The goddess nodded. "Yes, more than just damaged, it seems. He's actually imprinted himself on the stack, so that even after his physical form died he's been able to live on within it. Cunning. Twisted and cunning, which shouldn't surprise me in the least. He's been there all this time, establishing himself, insidiously spreading his influence and working against the city from within, erasing records and promoting his own agenda. No doubt subtly at first but growing bolder as he became more secure. His first priority would have been to ensure the core wasn't renewed as scheduled, which would have driven him out."
"But why?" Mildra asked. "He doesn't have an army with which to conquer us now, so what's he hoping to achieve?"
"The downfall of Thaiburley. We might have built the city together but it never became his home. He hates it as he hates me, and won't be content until the City of a Hundred Rows is no more."
"Can he really hope to do that?"
"Regrettably, yes. With the core under his thrall he could bring the whole city down.
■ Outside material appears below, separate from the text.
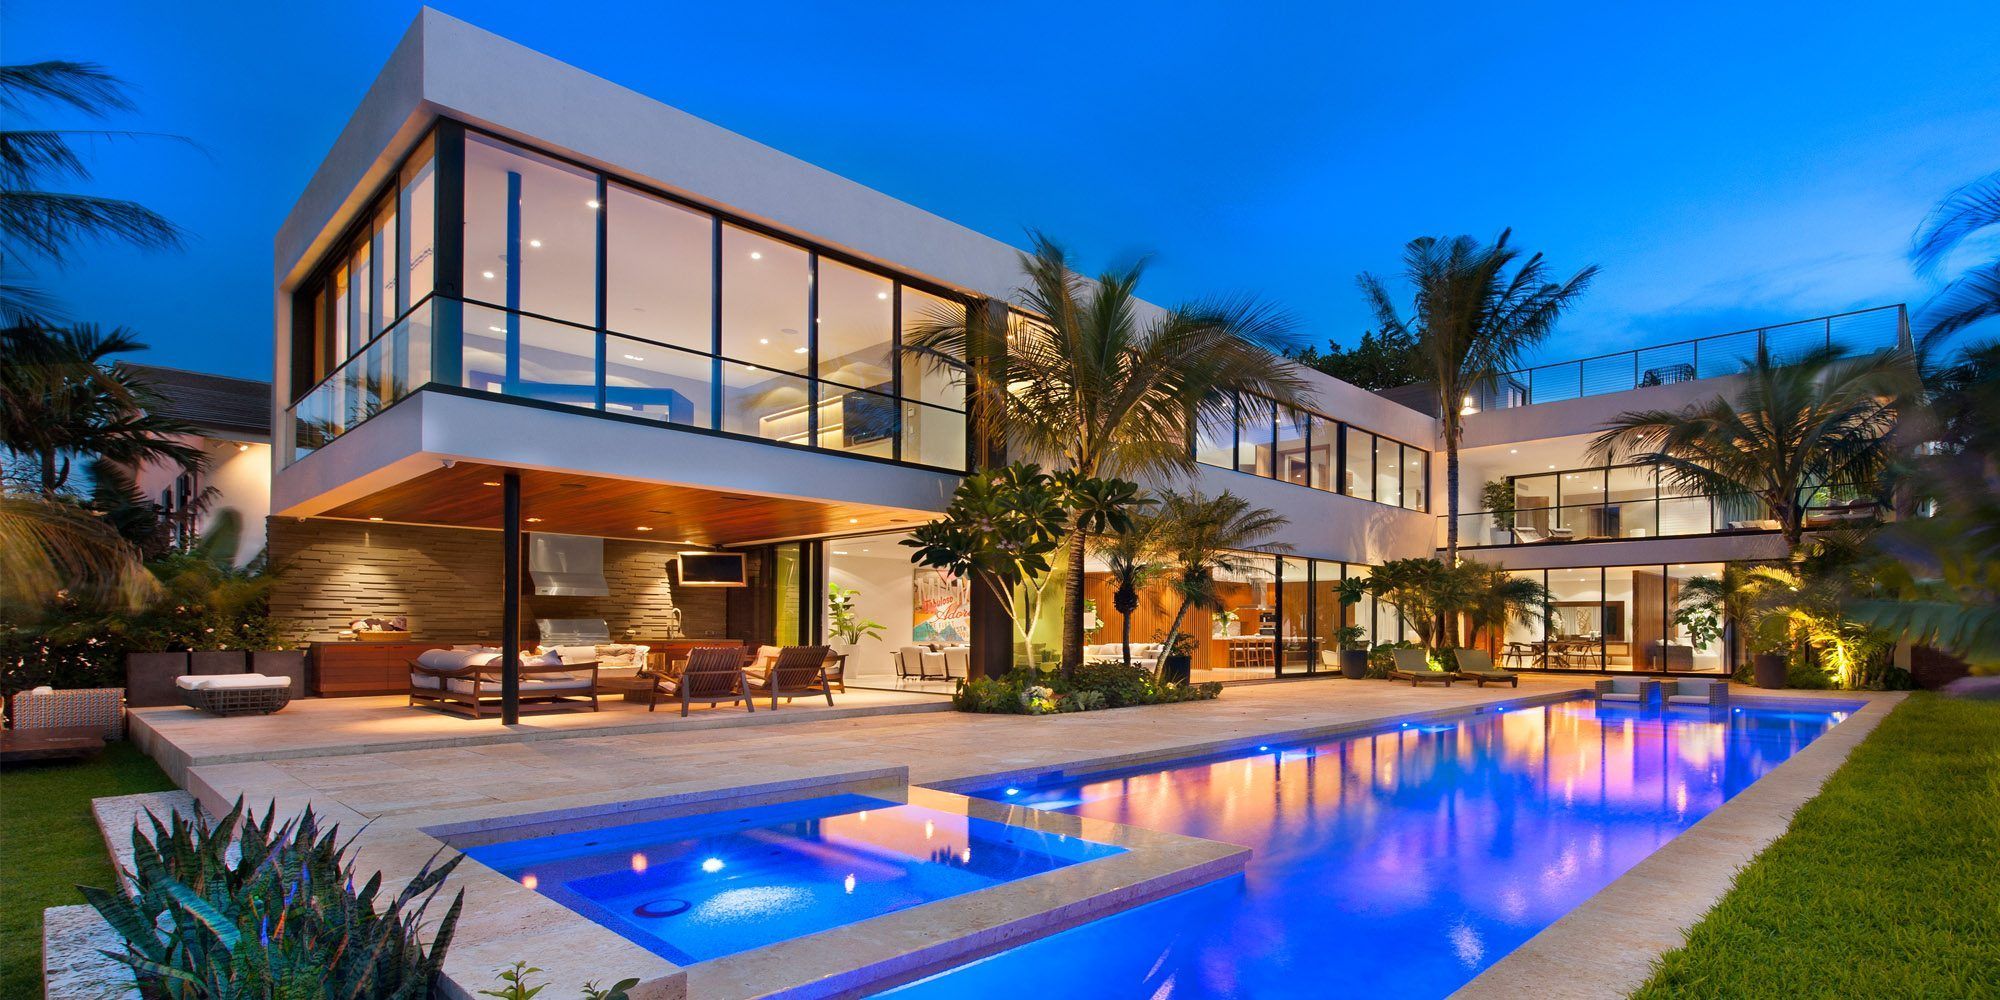 Mansions in Miami & Miami Beach FL | 2021 Luxury Homes

All he needs is to gain a sufficient level of control, and he's well on the way to doing so." Her gaze fastened on Tom. "You must replenish the core, Tom, restore it so that my brother's influence can be flushed out once and for all. Thaiburley is doomed if you don't, and there's not a moment to lose."
Tom nodded, now fully focussed as the gravity of the situation registered. He couldn't help but note that things always seemed to depend on him, no matter how hard he sought to avoid them.
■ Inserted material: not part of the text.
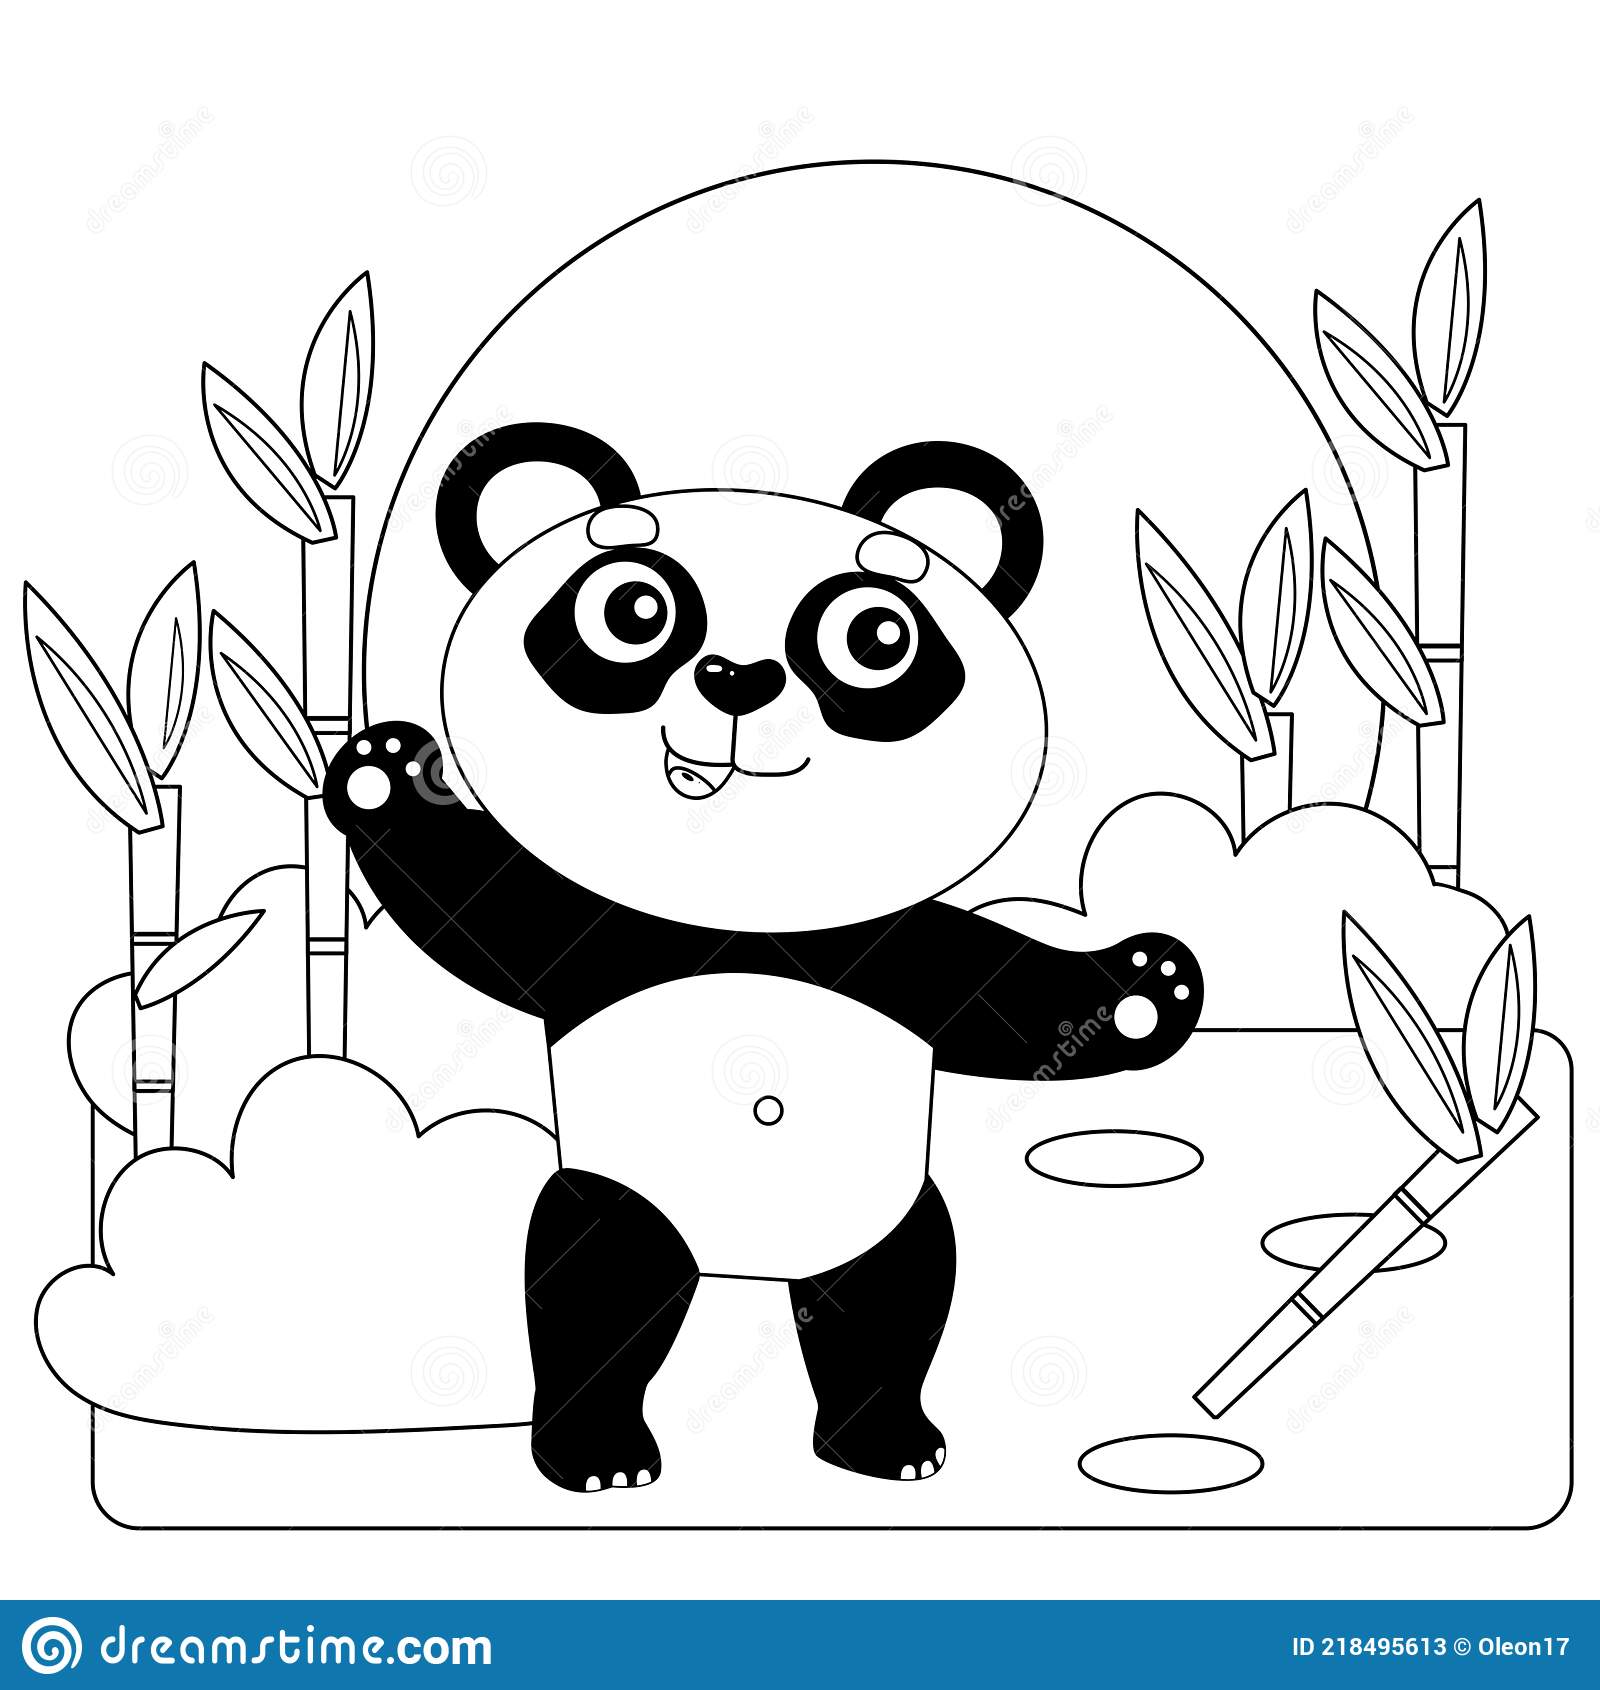 Coloring page blissful little panda

"But how can we possibly get back in time?" Mildra asked.
Her words triggered memories of the long days they'd spent travelling to the citadel and the treacherous terrain that now stretched between them and Thaiburley.
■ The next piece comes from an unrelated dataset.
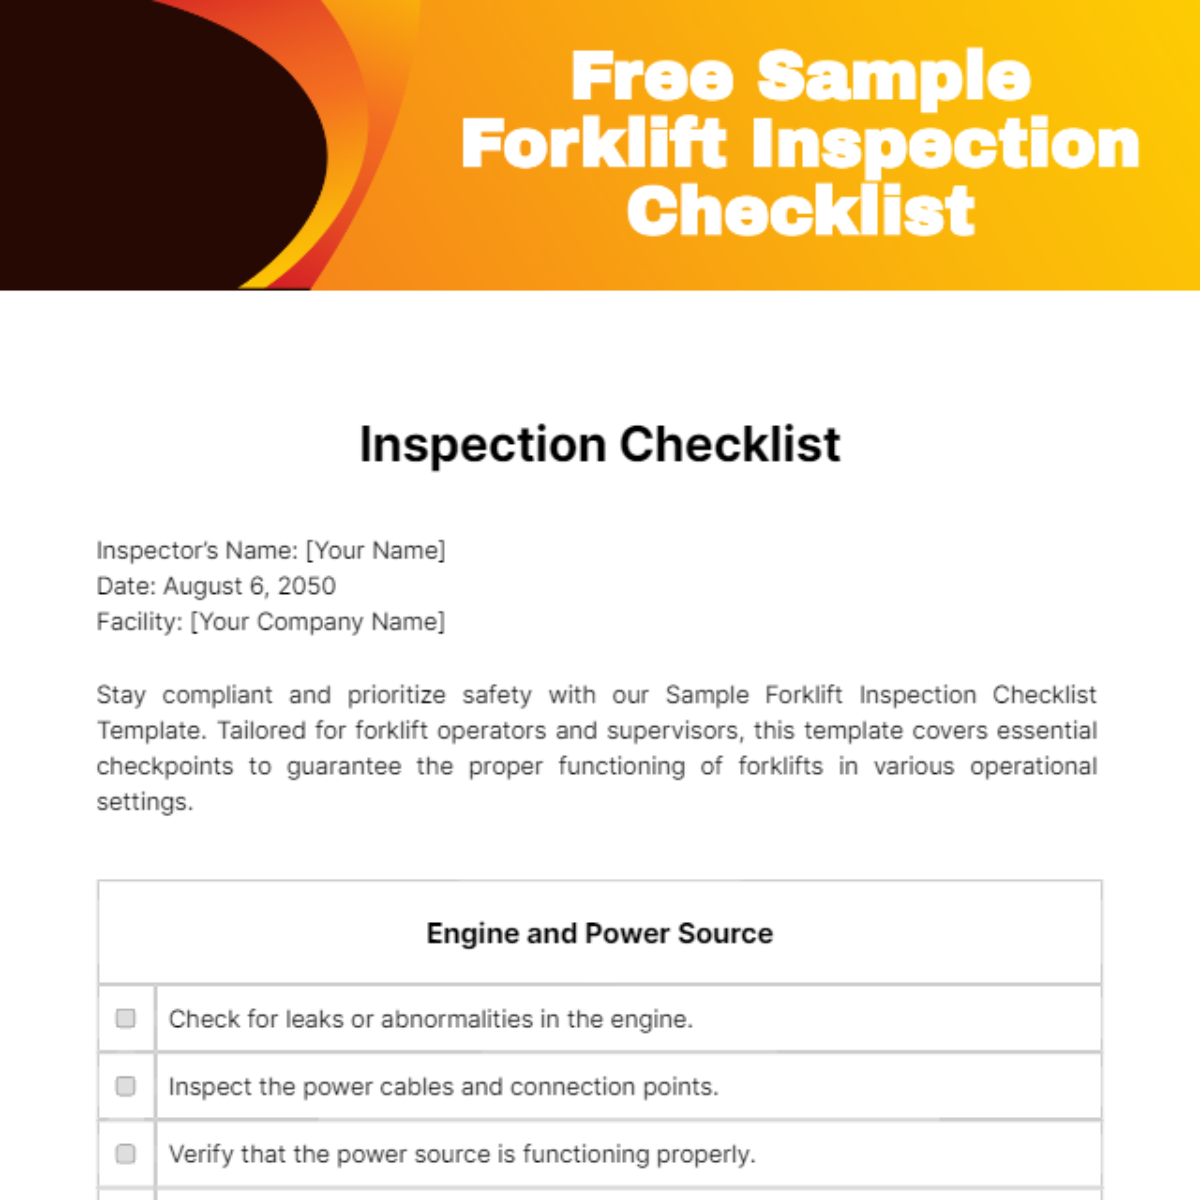 Sample Forklift Inspection Checklist Template

"Oh, I don't think you need worry about that," the goddess assured them. "The return trip will take no time at all. Tom will make sure it doesn't."
"I will?"
"Certainly. You've seen how the Prime Master moves around the city, haven't you?"
"Yes…" Tom admitted, cautiously.
"Anything he can do, you can do. Your genetic make-up is closer to pure founder than anyone's in centuries. The core will respond to you in every way possible."
&
nbsp; "Maybe, but I don't know how."
"No, but I do."
The goddess reached forward and touched the centre of his forehead. The fingertip felt warm on his skin, but otherwise nothing changed. There was no spread of warmth as from a healer's touch, no shift of perspective which he might have been anticipating… nothing at all.
And yet – and yet – Tom blinked. Suddenly he did know. In fact it was so obvious he felt as if he'd always known. "That's all there is to it?" he asked.
"Yes."
One thing still bothered him. "The Prime Master can only move between specific points in the city, but it feels as though I can go anywhere."
"You can go anywhere, and so could he, at least in theory."
"Then why…?"
"Convention. The Prime Master was taught that his talent could only take him to specific points, so he expects to reach only those points. As a result, he can reach only those points. You, on the other hand, are unburdened by any such preconceptions."
Tom laughed. "If the founders could do this, why did they even bother with stairs and the clockwork lifts and that elevator thing when they built the city?"